Revisiting the User Story

In the previous post, I presented the user story for sign up:

As a new user, I will create a user account to use Project Center to manage my project work.

I defined the following acceptance criteria for the story:

  • The user will provide a username and password
  • The user will confirm the password by entering it twice
  • both passwords must match
  • an error will be shown if the passwords are not identical

While the previous post covered decomposing a combined sign up and sign in story, I’m going focus on the sign up scenario and break it out into its own relying party policy and user journey. The reason for doing so comes down to single responsibility. Signing up is enough of a feature to warrant its own flow. And when building an application for consumers, I probably want to attract them specifically to a sign up button or link and it could be confusing if they get led to a sign in page instead, even if it has a sign up link on it.

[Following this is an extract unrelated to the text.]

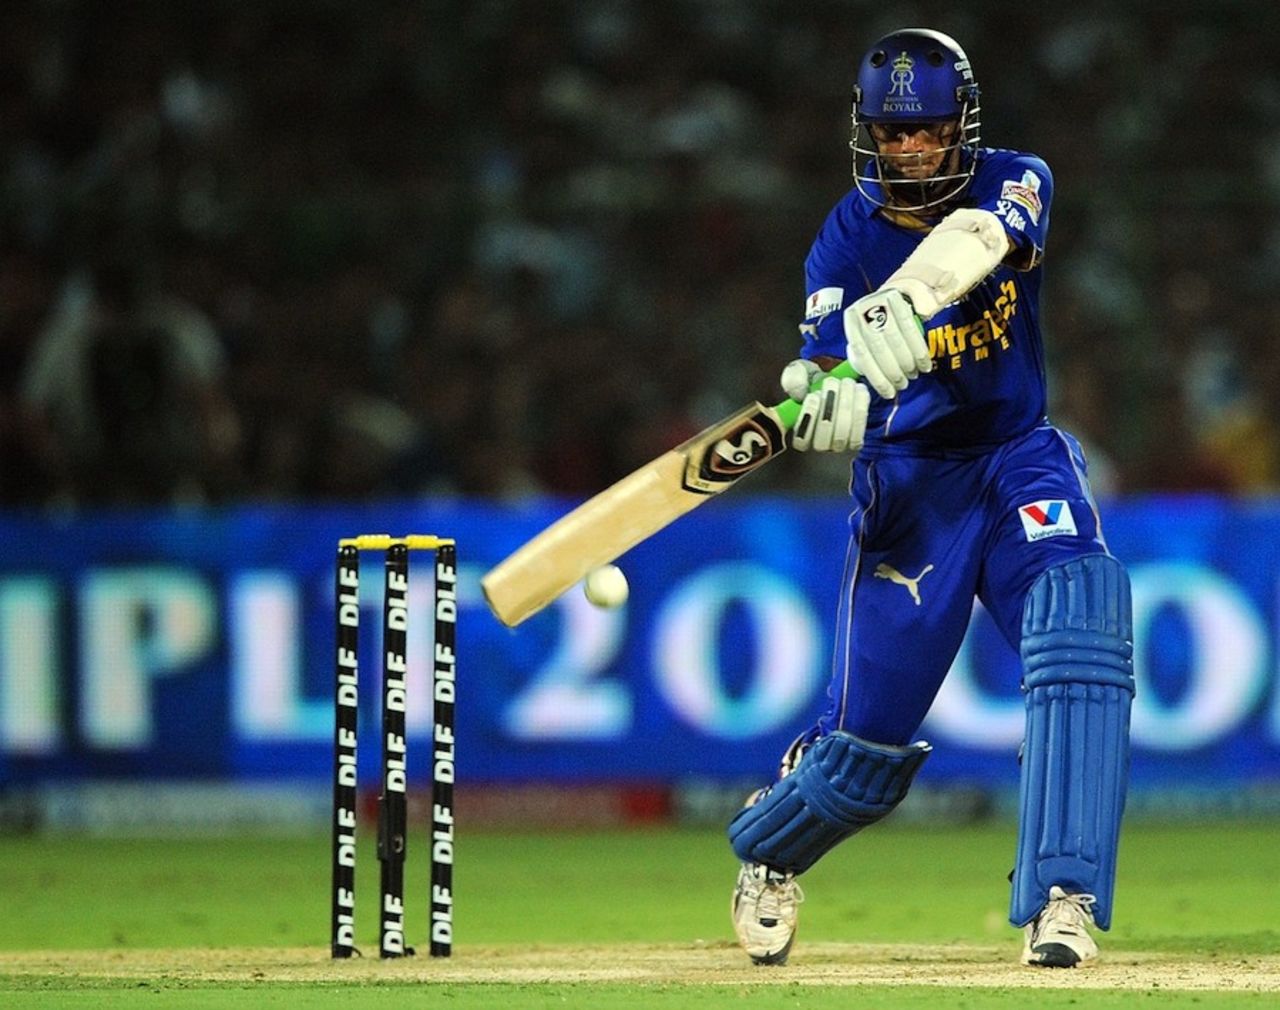 Rahul Dravid scored 58 off 42 balls, Rajasthan Royals v Royal Challengers Bangalore, IPL, Jaipur, April 23, 2012

First: How to Debug Custom Policies

Before we dive deep into our first custom policy, I will divert briefly to discuss how we will debug our custom policy. When developing a relying party policy, you can deploy it in production mode or development mode. When deploying in development mode, you can attach your relying party policy with an Application Insights resource where Azure Active Directory B2C will send log data when the relying party policy executes. From there, you can use Azure Monitor to read or query the logs.

A better way to use the Application Insight data than querying the logs is to use the Azure AD B2C Extension for Visual Studio Code. When editing your relying party policy in Visual Studio Code, you can use the extension to view runs of your relying party policy in the Azure Active Directory B2C tenant and access the log outputs for each orchestration step and technical profile that executes along the user journey.

Before you begin creating a custom policy, I recommend creating an Application Insights resource that you will use for debugging your Azure Active Directory B2C relying party policies. To create an Application Insights resource:

  1. Sign into Azure Portal and switch to the directory where your main Azure subscription lives. This will not be your B2C tenant’s directory.
  2. Click the Create a resource button and search for Application Insights.
  3. Click the Create button.
  4. In the form, select a resource group. It’s ok if you want to use the resource group for your Azure Active Directory B2C tenant.
  5. Enter a name and pick a region for your Application Insights service.
  6. For the Resource mode field, choose Workspace-based.
  7. For the Log Analytics Workspace field, choose the default workspace that is shown.
  8. Click the Review + create button.
  9. Click the Create button to create the Application Insights workspace.

After the Application Insights resource is created, open the resource in the Azure Portal. Then follow these steps:

  1. On the Overview tab, make note of the Instrumentation Key field. You will need this value.
  2. In the left navigation bar, scroll down if necessary and click the API Access link.
  3. Make note of the Application ID value. You will need this value later.
  4. Click the Create API Key button.
  5. Enter a description for the API key.
  6. Check the Read telemetry checkbox.
  7. Click the Generate key button.
  8. Make note of the API Key value. You will need this later.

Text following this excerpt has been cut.